BEGIN SOURCE RECORDS

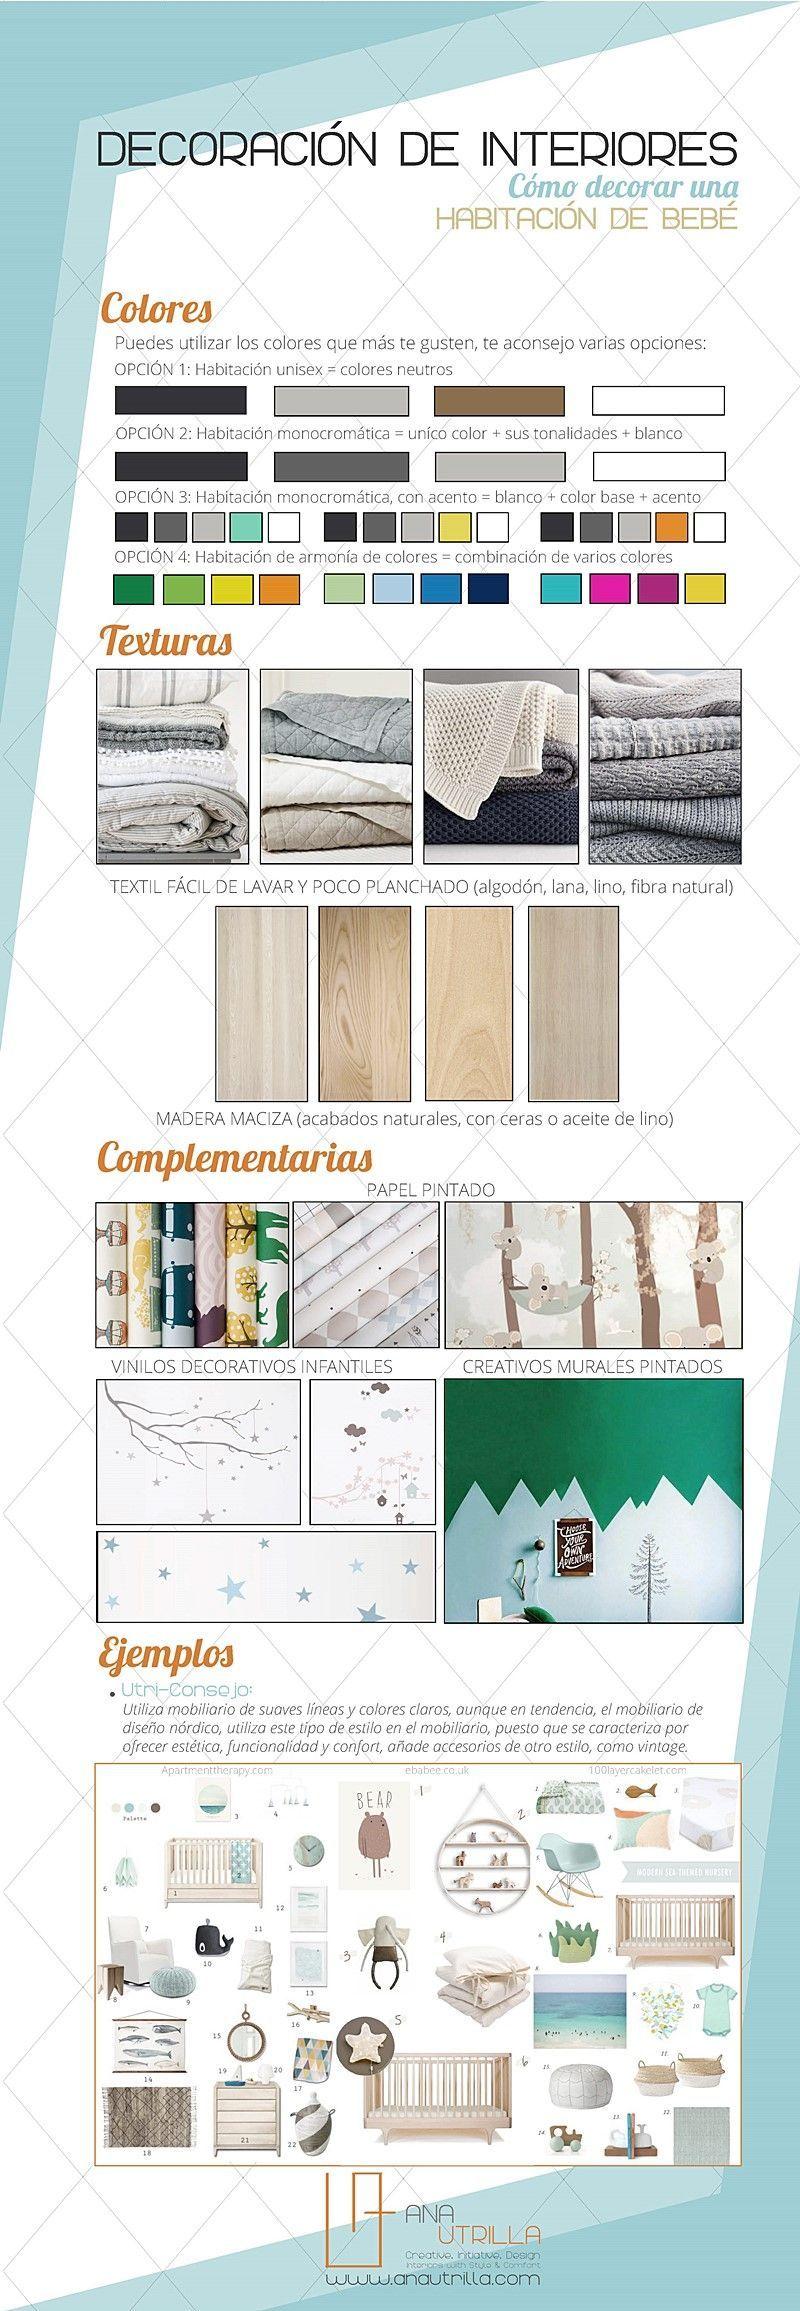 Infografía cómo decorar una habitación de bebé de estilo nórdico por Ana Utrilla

END SOURCE RECORDS
BEGIN SOURCE RECORDS

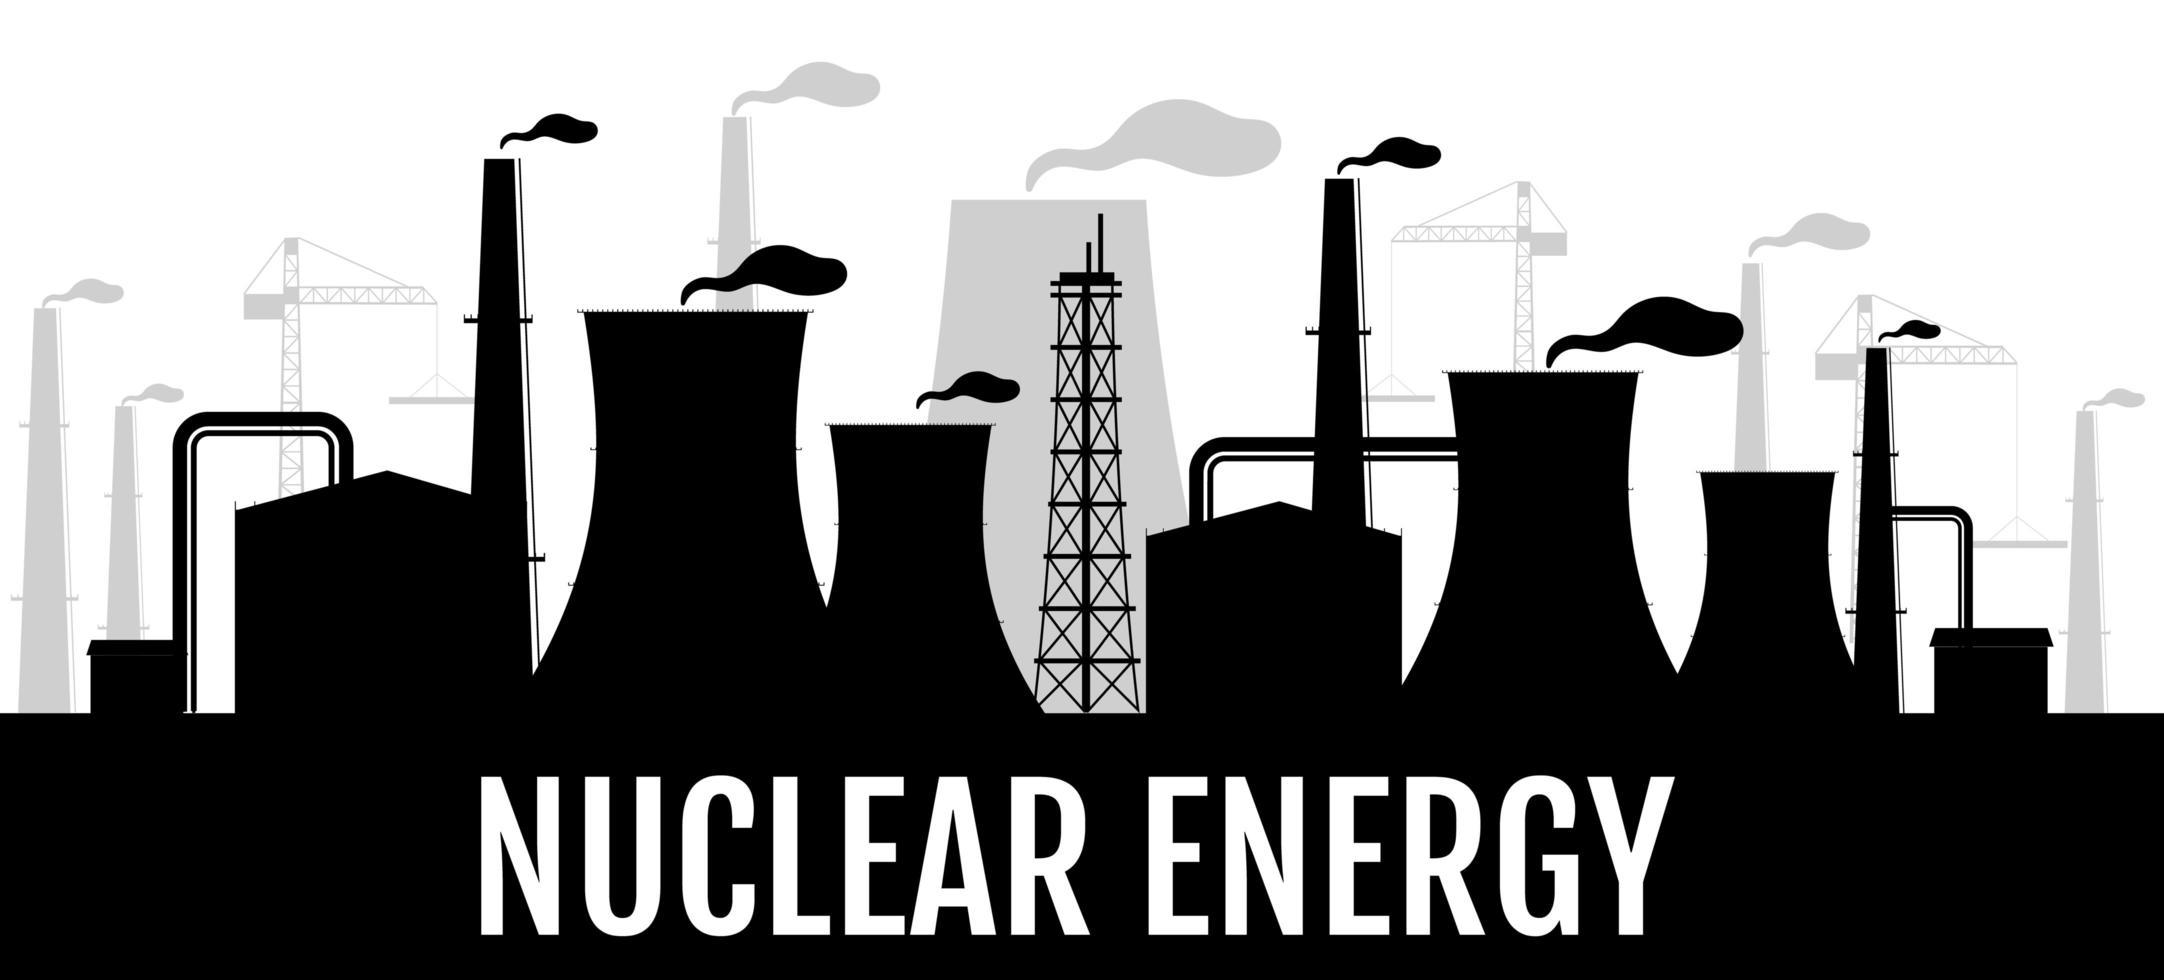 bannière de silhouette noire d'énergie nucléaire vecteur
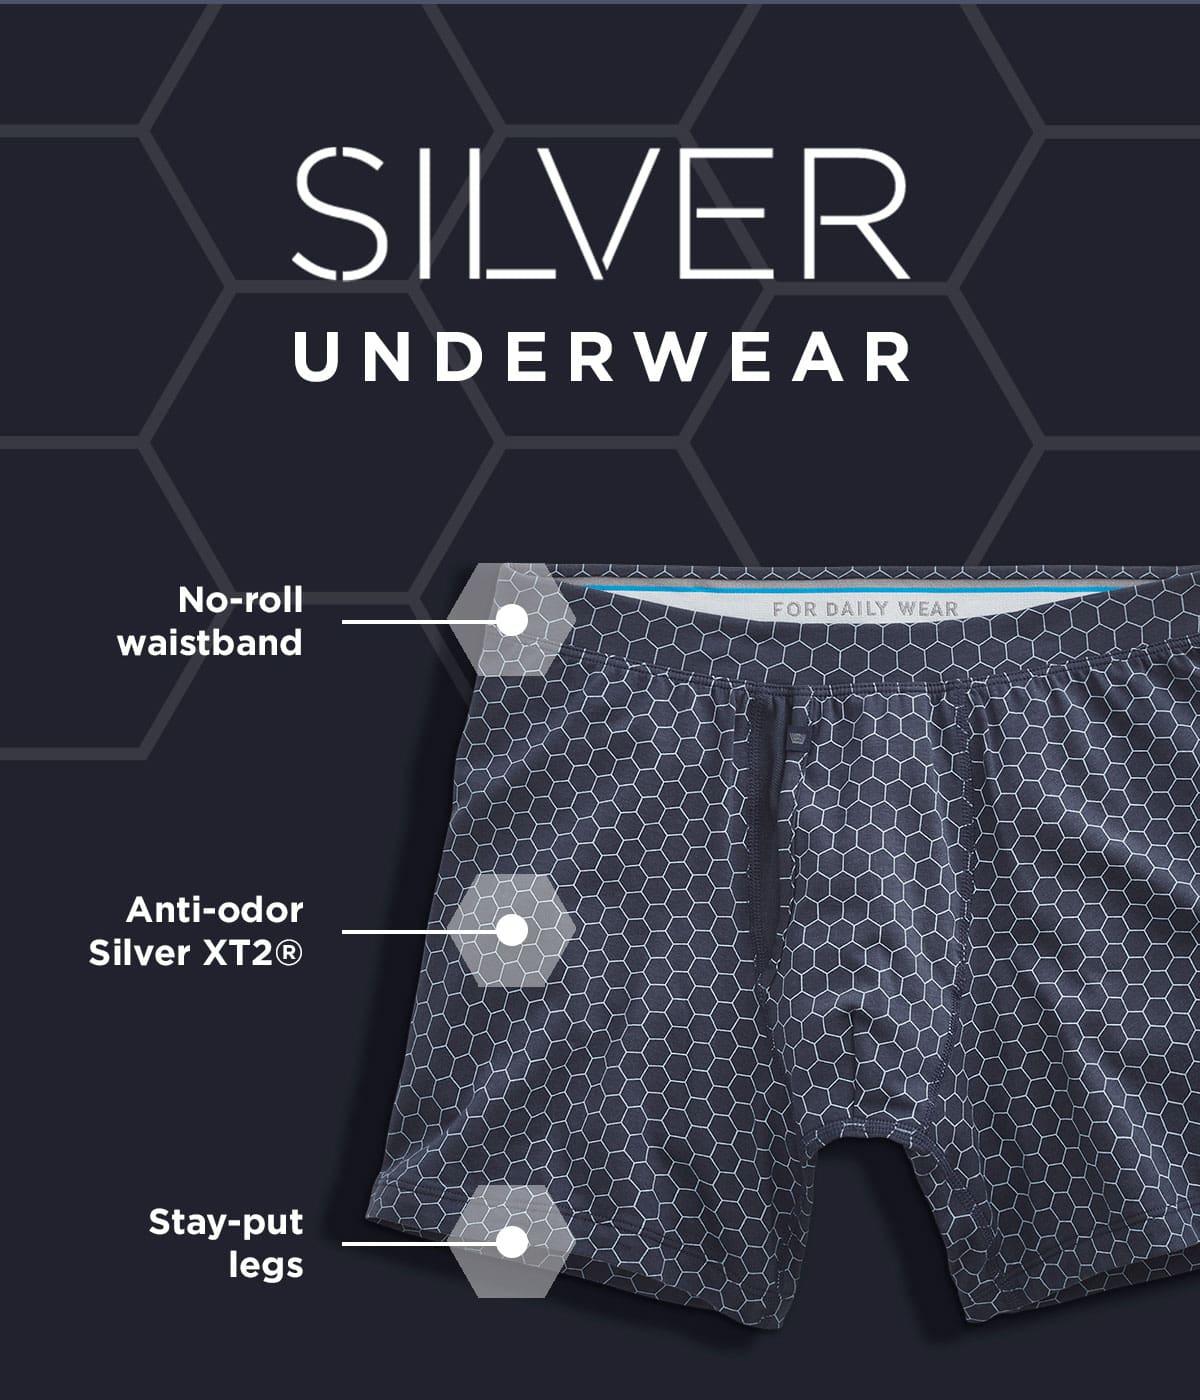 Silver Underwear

END SOURCE RECORDS

> [WHAT NEEDS TO BE DONE]: Look above for the line with "bannière de silhouette" and the line with "Silver Underwear". Give again exactly those two lines and all lines between them, pictures excluded.

> [RESULT FOR THIS EXERCISE]:
 bannière de silhouette noire d'énergie nucléaire vecteur
 Silver Underwear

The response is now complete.